INFORMATION

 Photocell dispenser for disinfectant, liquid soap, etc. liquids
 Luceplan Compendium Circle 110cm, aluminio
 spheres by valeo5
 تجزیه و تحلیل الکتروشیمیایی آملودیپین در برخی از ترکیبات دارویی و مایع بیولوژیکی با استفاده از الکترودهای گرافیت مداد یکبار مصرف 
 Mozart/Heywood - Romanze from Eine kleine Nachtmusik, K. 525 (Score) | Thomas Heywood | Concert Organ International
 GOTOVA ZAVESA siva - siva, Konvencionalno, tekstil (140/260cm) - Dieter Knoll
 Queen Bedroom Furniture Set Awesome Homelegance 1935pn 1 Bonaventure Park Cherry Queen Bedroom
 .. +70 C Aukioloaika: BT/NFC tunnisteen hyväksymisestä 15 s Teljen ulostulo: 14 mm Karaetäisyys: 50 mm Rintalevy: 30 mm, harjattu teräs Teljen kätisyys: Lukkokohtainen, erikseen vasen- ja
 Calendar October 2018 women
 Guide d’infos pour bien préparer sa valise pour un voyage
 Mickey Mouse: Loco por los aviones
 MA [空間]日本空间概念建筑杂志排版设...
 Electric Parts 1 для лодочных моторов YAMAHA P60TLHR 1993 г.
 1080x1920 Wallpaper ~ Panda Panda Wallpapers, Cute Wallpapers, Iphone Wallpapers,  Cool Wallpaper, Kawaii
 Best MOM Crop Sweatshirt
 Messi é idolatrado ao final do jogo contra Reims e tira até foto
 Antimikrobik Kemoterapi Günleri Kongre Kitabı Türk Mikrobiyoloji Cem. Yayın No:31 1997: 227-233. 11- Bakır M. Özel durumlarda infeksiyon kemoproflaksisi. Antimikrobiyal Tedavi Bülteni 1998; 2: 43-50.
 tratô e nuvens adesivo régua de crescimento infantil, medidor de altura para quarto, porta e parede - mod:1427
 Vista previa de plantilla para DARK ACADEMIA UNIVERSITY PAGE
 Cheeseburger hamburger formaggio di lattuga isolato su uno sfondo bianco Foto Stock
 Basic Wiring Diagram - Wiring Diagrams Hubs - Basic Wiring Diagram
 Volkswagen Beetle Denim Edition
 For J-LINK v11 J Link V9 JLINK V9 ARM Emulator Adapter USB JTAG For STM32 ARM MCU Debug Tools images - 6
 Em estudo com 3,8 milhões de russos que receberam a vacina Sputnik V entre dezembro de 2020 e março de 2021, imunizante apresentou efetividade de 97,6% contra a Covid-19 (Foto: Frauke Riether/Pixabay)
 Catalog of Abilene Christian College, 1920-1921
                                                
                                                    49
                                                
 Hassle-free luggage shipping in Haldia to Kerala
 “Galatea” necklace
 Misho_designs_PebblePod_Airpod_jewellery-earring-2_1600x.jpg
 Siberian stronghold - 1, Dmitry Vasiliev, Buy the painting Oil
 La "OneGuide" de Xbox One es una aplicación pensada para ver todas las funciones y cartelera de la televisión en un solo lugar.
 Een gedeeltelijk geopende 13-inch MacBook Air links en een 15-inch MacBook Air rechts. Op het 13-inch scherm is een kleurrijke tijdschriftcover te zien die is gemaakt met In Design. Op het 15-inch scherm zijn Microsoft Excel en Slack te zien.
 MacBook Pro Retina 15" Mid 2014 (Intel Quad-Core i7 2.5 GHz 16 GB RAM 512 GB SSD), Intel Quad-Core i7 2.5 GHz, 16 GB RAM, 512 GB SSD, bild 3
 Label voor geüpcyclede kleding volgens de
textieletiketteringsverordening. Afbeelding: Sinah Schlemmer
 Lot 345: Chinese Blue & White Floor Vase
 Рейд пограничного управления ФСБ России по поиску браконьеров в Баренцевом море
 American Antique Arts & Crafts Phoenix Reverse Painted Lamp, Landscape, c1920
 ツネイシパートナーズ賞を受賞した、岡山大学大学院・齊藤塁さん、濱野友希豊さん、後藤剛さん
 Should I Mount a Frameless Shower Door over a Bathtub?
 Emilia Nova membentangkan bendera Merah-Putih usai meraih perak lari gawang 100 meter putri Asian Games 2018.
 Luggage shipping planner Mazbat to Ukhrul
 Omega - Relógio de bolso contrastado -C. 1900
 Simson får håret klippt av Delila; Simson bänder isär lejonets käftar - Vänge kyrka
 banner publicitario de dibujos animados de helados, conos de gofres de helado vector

WORK ITEM
Repeat the entries above verbatim, but only from the line that has "Best MOM Crop Sweatshirt" down to the line that has "Cheeseburger hamburger formaggio", inclusive.

OUTPUT BELOW
 Best MOM Crop Sweatshirt
 Messi é idolatrado ao final do jogo contra Reims e tira até foto
 Antimikrobik Kemoterapi Günleri Kongre Kitabı Türk Mikrobiyoloji Cem. Yayın No:31 1997: 227-233. 11- Bakır M. Özel durumlarda infeksiyon kemoproflaksisi. Antimikrobiyal Tedavi Bülteni 1998; 2: 43-50.
 tratô e nuvens adesivo régua de crescimento infantil, medidor de altura para quarto, porta e parede - mod:1427
 Vista previa de plantilla para DARK ACADEMIA UNIVERSITY PAGE
 Cheeseburger hamburger formaggio di lattuga isolato su uno sfondo bianco Foto Stock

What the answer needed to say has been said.